If your TgzHandler used chunked encoding, the ProxyHandler would pass on the transfer-encoding header but write a non-chunked response, breaking everything (I think; haven't tried it).

That’s true. Perhaps RequestHandler should automatically clear Transfer-Encoding when writing a non-chunked response, for the same reason that it already automatically sets Transfer-Encoding: chunked when writing a chunked response.

But Content-Length shouldn’t, in general, just be ignored. If you imagine a streaming version of ProxyHandler, you certainly want it to pass on Content-Length if it’s available, and that is indeed what happens naturally:

class ProxyHandler(tornado.web.RequestHandler):
    def initialize(self):
        self.headers = None
        self.headers_added = False

    def header_callback(self, line):
        if self.headers is None:
            start_line = tornado.httputil.parse_response_start_line(line)
            self.set_status(start_line.code, start_line.reason)
            self.headers = tornado.httputil.HTTPHeaders()
        else:
            self.headers.parse_line(line)

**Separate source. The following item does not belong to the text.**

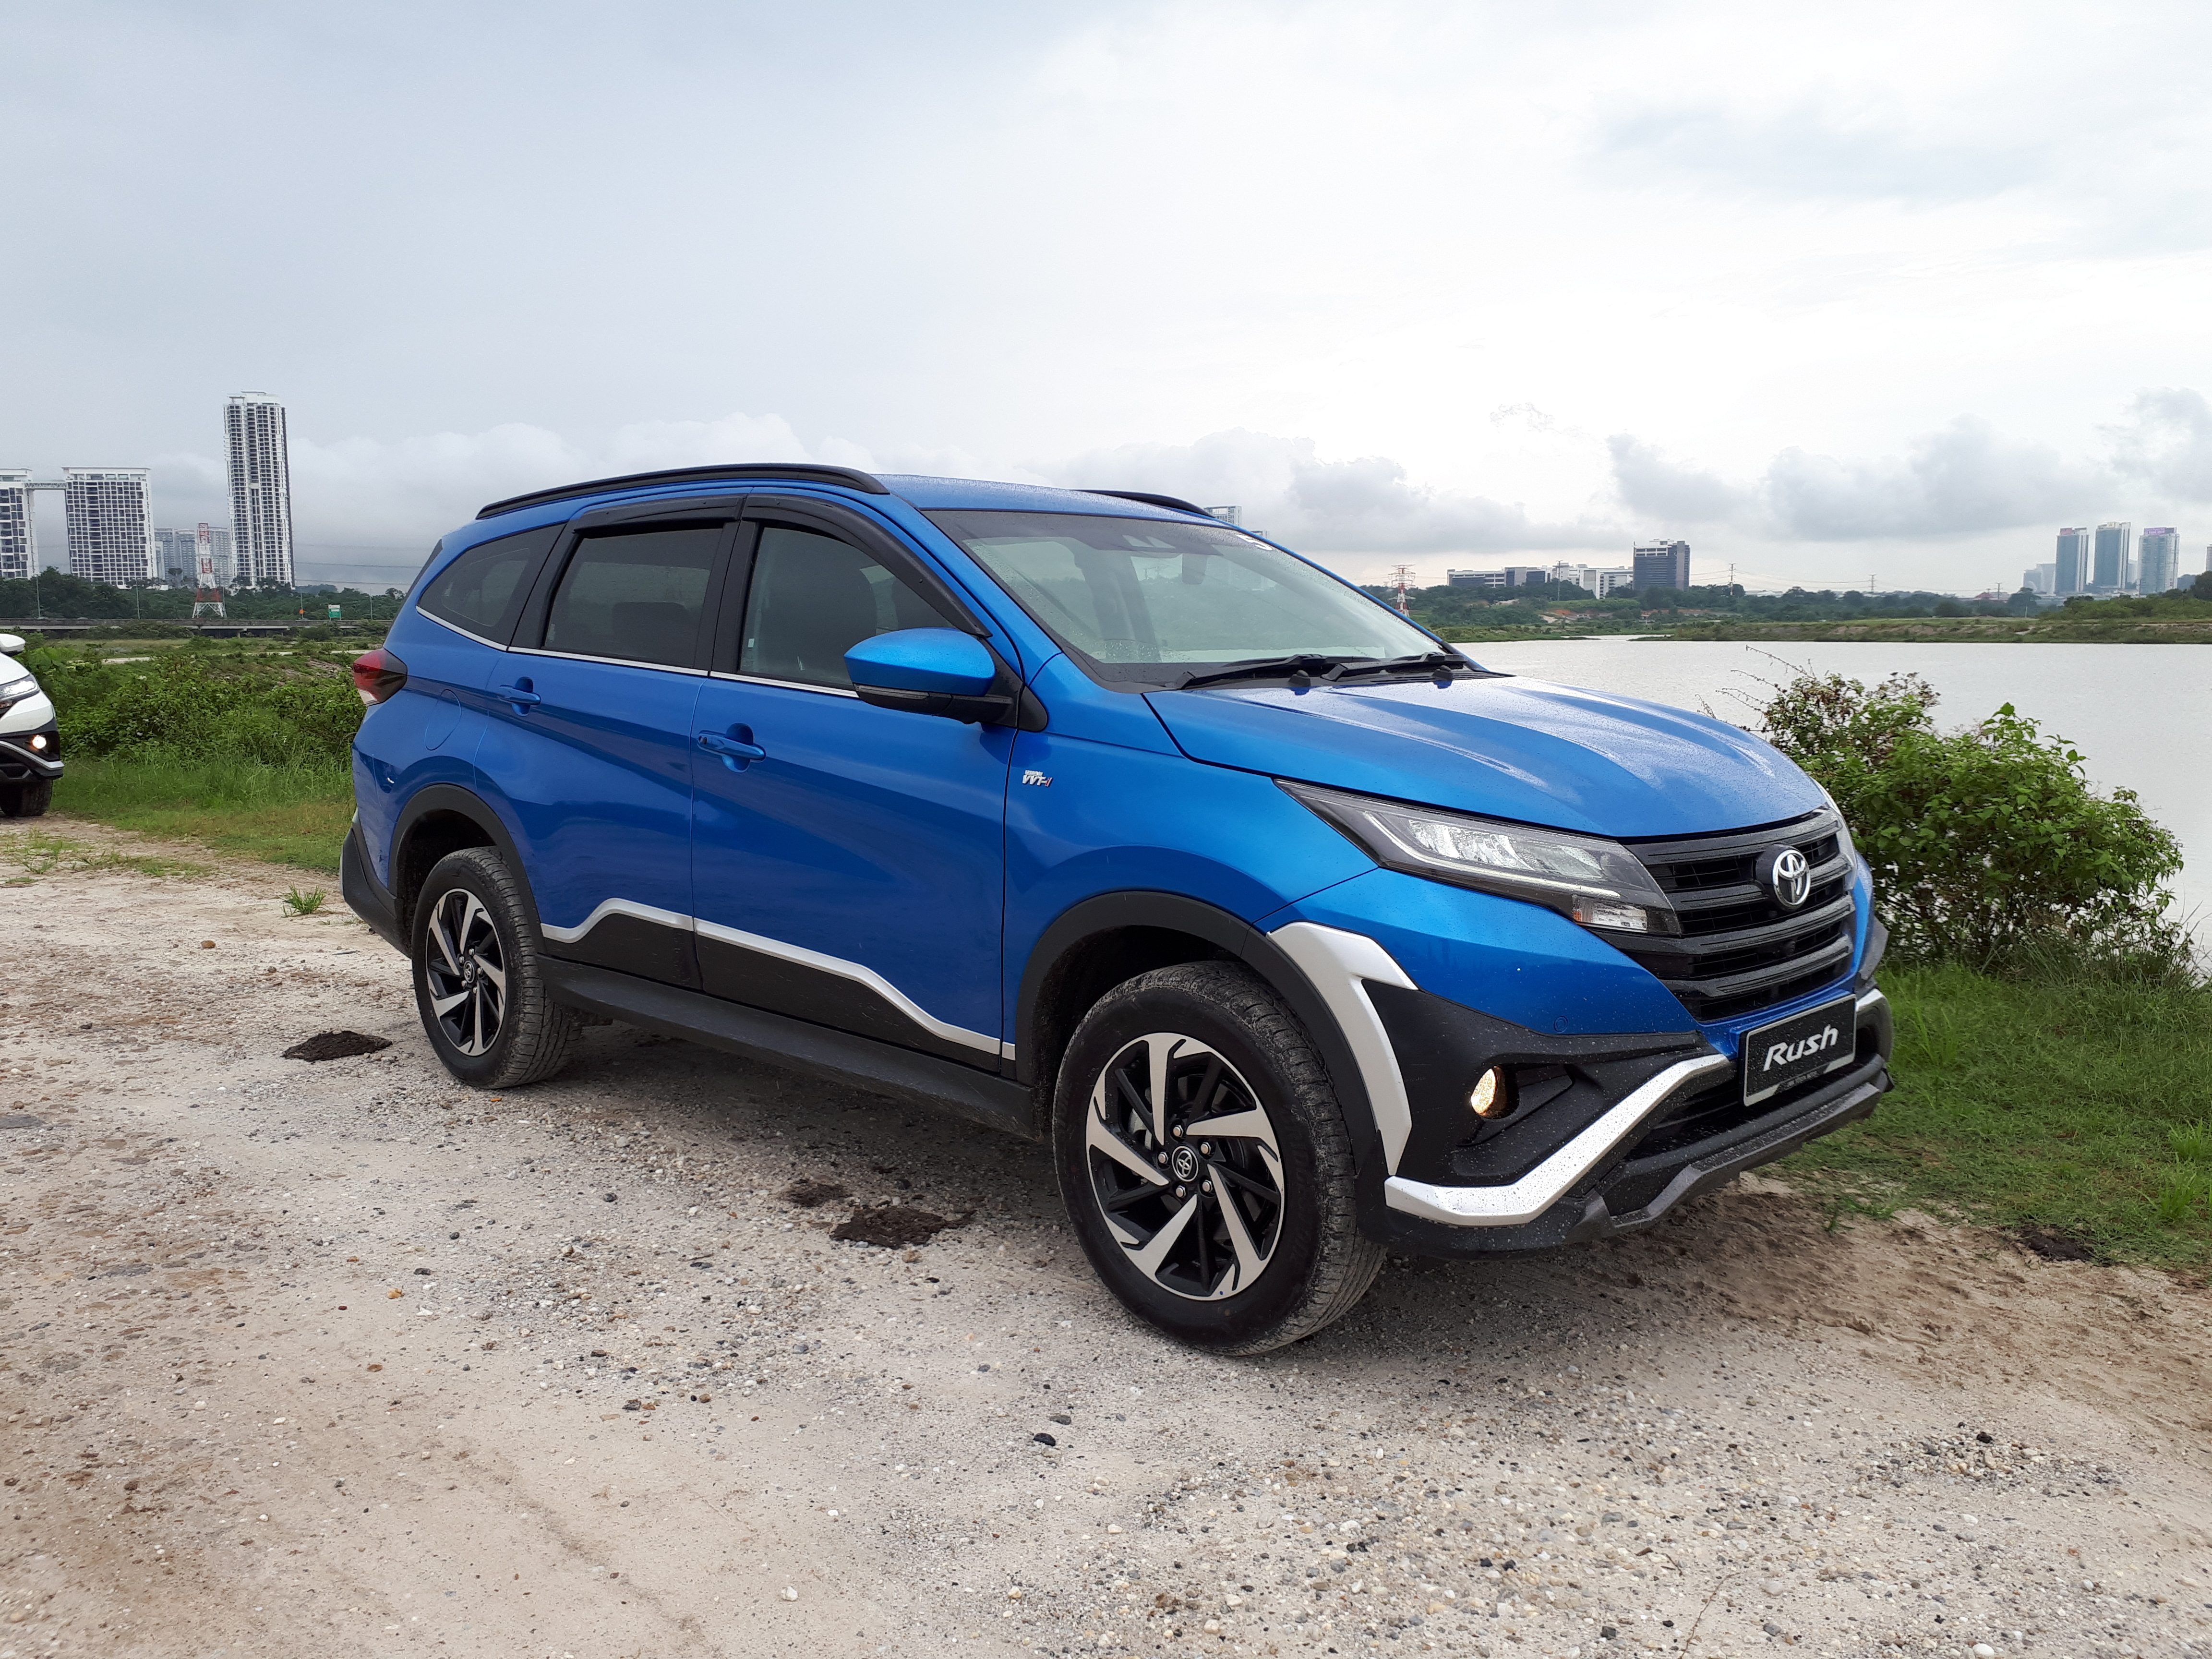 FEATURE AllNew 2019 Toyota Rush SUV Launched! [+Videos]  News and

    def add_headers(self):
        if not self.headers_added:
            for name, value in self.headers.get_all():
                self.clear_header(name)
            for name, value in self.headers.get_all():
                if name != "Transfer-Encoding":
                    self.add_header(name, value)
            self.headers_added = True

    def streaming_callback(self, chunk):
        self.add_headers()
        self.write(chunk)
        self.flush()

    async def get(self):
        await tornado.httpclient.AsyncHTTPClient().fetch(
            "http://localhost:8888/hello.tar.gz",
            header_callback=self.header_callback,
            streaming_callback=self.streaming_callback,
            # decompress_response=False,
        )
        self.add_headers()

This correctly passes on Content-Length if available and Transfer-Encoding: chunked if not—unless we were given an incorrect Content-Length because of decompress_response.

[bdarnell]

Perhaps RequestHandler should automatically clear Transfer-Encoding when writing a non-chunked response, for the same reason that it already automatically sets Transfer-Encoding: chunked when writing a chunked response.

The idea is that applications should be free to implement transfer-encodings themselves, without Tornado's knowledge or interference. If you pass a Transfer-Encoding header (or a Content-Encoding or Content-Type for that matter), you're expected to produce a response that conforms to that encoding/type.

It seems a similar argument applies to Transfer-Encoding: we're not giving the application a body representation that includes the chunked framing, so when we decode chunked encoding we should remove that from the headers we deliver to the application (perhaps storing it in a renamed header so there's some record of the transformation happening).